Nearly 100 yards lie between Chicago’s Museum of Science and Industry and Lake Michigan. So when Goettsch Partners began the design of a subterranean hall to exhibit the museum’s German-made U-505 submarine, the architects found themselves in the unlikely—and ironic—position of fighting to keep the lake’s water from submerging the vessel.
 
“It’s possible the lake could rise or we could get a 500-year rain,” says Michael Kaufman, AIA, a partner at Chicago-based Goettsch. “So we have drain tiles around the perimeter and twin sump pumps with diesel generator backup.” Water aside, the land-based journey of the U-505 from the 1944 capture by the Allies off the coast of West Africa to a new basement adjacent to the museum involved a substantial amount of planning.
 
Acquired by the museum in 1954, the 700-ton submarine had for years rested outside, where it had seriously deteriorated.

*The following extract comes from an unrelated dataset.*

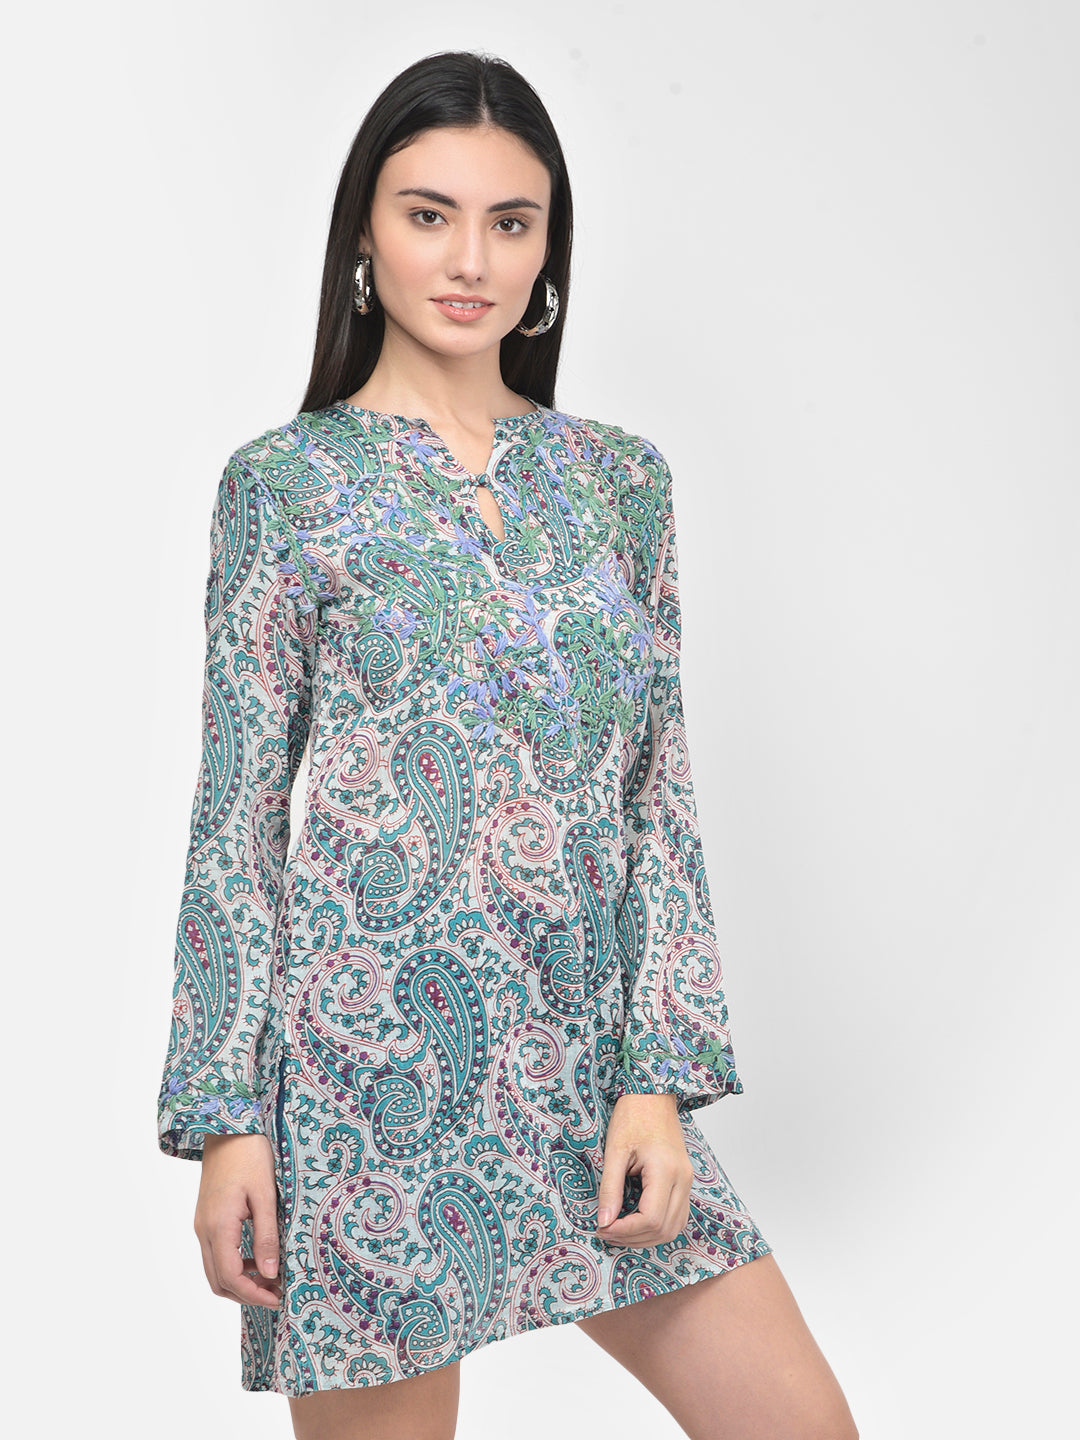 Printed and hand embroidered cotton tunic

The museum brought Goettsch on board to design the over-40-foot, below-grade exhibition hall and connect it to its original Charles Atwood–designed 1893 building through a nearly 80-foot-long underground hallway (the plaster building was actually reconstructed in stone in 1933). The new splayed, concrete structure, designed to maximize resistance to the compressive forces of the surrounding earth as well as to make the space appear larger, has the feel of a submarine “pen,” which Kaufman says was intentional, since the Germans launched submarines from hidden pens for secrecy.
 
Contractors placed the 270-foot-long sub on 18 sets of dollies before slowly moving it parallel to the new 85-by-315-foot “bathtub” at the museum’s northeast corner. The sub—freshly restored—was then “launched” onto a forest of dense logs constructed inside the future hall. Workers would jack up the sub, remove some logs, and then carefully lower it. Finally, after two weeks, they nestled the U-505 into place on a 16-inch foundation slab. Only then could the contractor install the 85-foot-long tapered-steel box beams and close up the space.
 
The finished hall, kept clean by integrating mechanical systems into the canted walls and placing other services in a mezzanine ceiling, has proved popular with visitors. Kaufman says museum attendance spiked 20 percent in 2006, the first year it opened. Although Kaufman admits he and his staff were motivated in part by their love of the classic 1981 Wolfgang Petersen submarine film Das Boot, the hall conveys anything but a sense of claustrophobia.